Based on a 5 day week.

Is this quite a reasonable lifestyle for a single bloke?


----------



## bigdave (Oct 22, 2008)

yep as long as you are single and no kids


----------



## alli (Mar 6, 2008)

Great package, go for it! they have provided you accom which is the killer - plus giving you a car, you are home free

good luck!


----------



## Andy Capp (Oct 5, 2008)

Can you lend ma a few Dirhams....


----------



## sydneysider (Oct 30, 2008)

Hey there ... just found your link. This site is a bit addictive! I must depart, but wanted to say thanks. And sounds like you scored yourself a great deal - WELL DONE!! You can buy me a drink LOL!


----------



## Marco76 (Sep 28, 2008)

Anytime!

I'll take you all out for a curry one night....


----------



## dj6246 (Oct 25, 2008)

Marco76 said:


> Anytime!
> 
> I'll take you all out for a curry one night....



count me in! haha


----------



## Andy Capp (Oct 5, 2008)

Marco76 said:


> Anytime!
> 
> I'll take you all out for a curry one night....

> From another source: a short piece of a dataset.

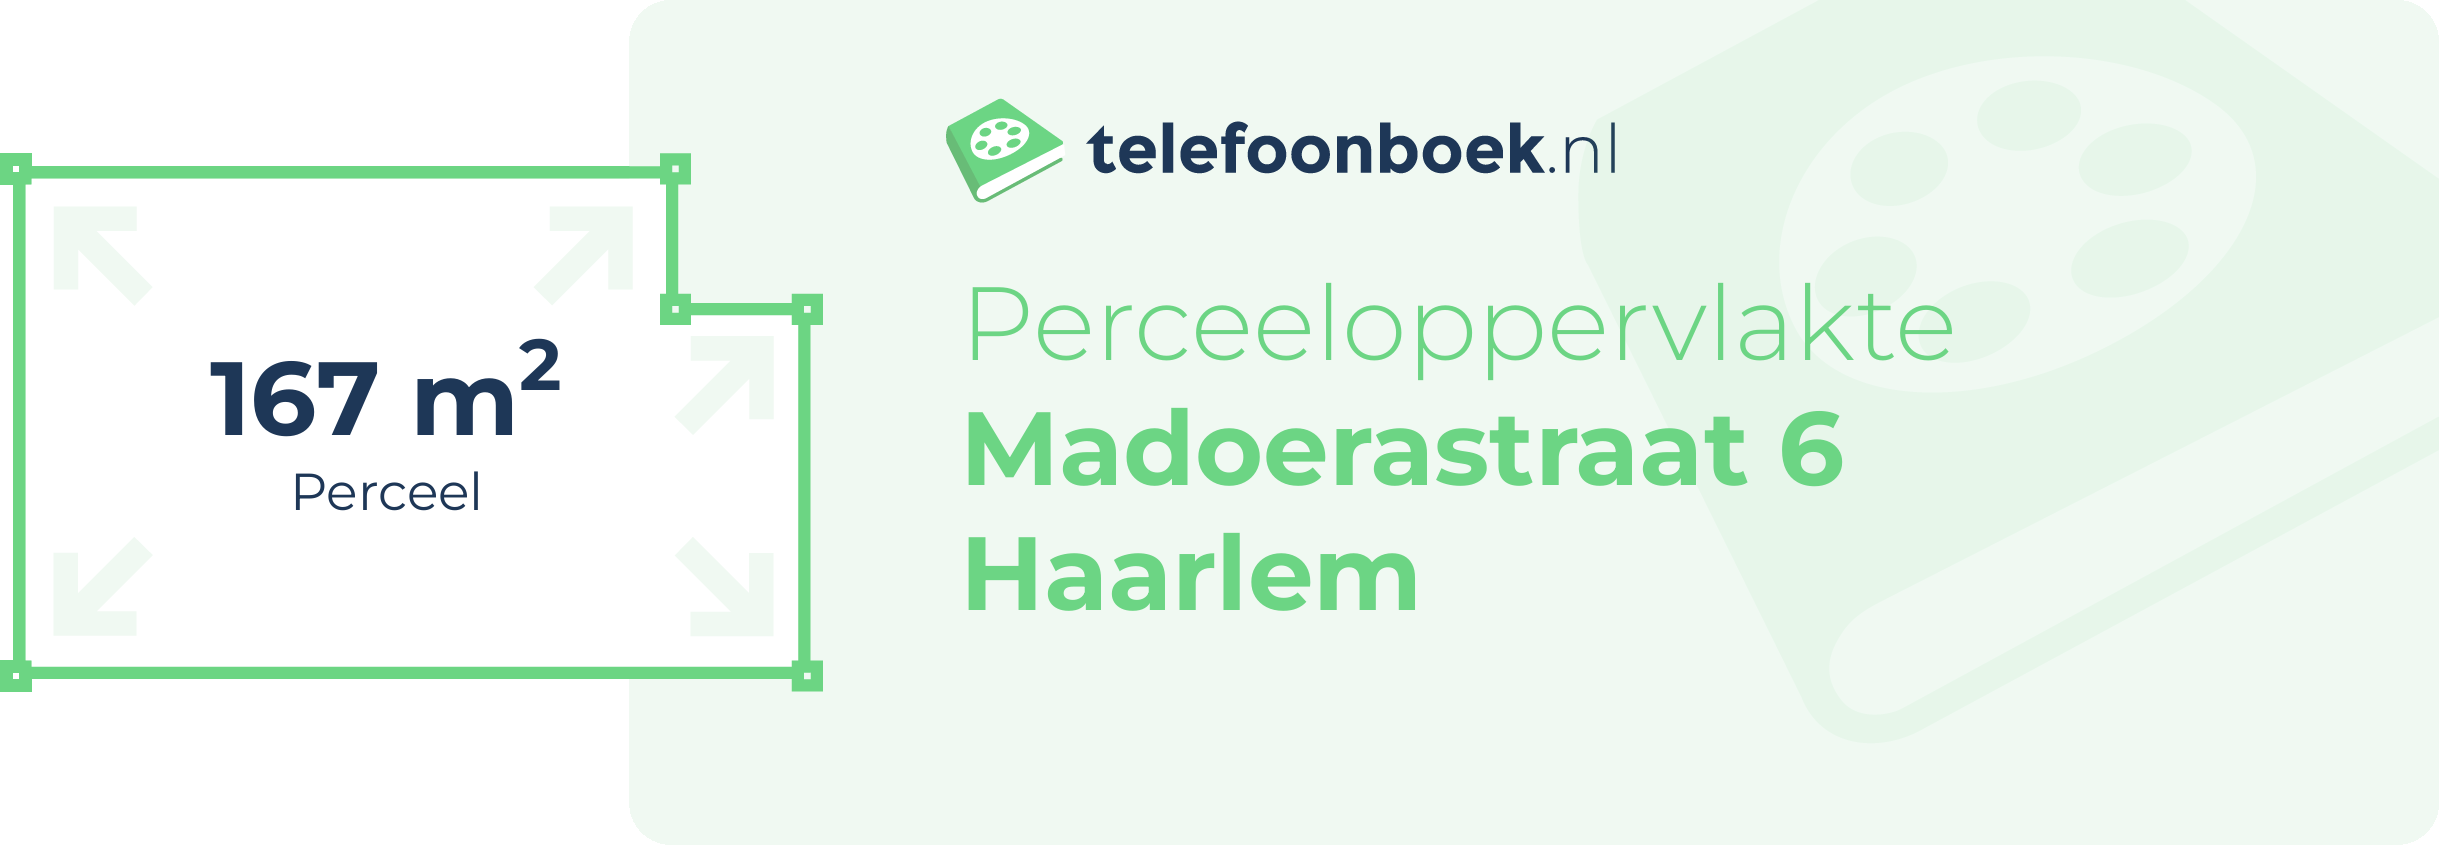 Perceeloppervlakte Madoerastraat 6 Haarlem

Ruby, ruby, ruby, ruby ....


----------



## prinks (Dec 8, 2010)

Am looking for a change and lemme know if the organization has any openings?




Marco76 said:


> Hi,
> 
> I've just accepted a position in Abu Dhabi which is providing me with the following:
> 
> ...


----------



## jander13 (Mar 12, 2009)

30th october 2008, right around the recession i am sure they didn't have any openings even if you have a time machine


----------



## Canuck_Sens (Nov 16, 2010)

Marco76 said:


> Hi,
> 
> I've just accepted a position in Abu Dhabi which is providing me with the following:
> 
> ...


Rent in abu dhabi is more expensive compared to Dubai. See if you got a decent package for rental or you will end up living in a tough place far from work...and traffic here can get really bad


----------



## hubbly_bubbly (Oct 17, 2010)

The thread is from two years ago. Like Jander suggests, even a time machine won't help.


----------



## xpatusa (May 8, 2010)

Bump? LOL!!!


----------



## Moe78 (Oct 29, 2010)

Can someone please help Marco! He's been here two years and no one has yet to answer him


----------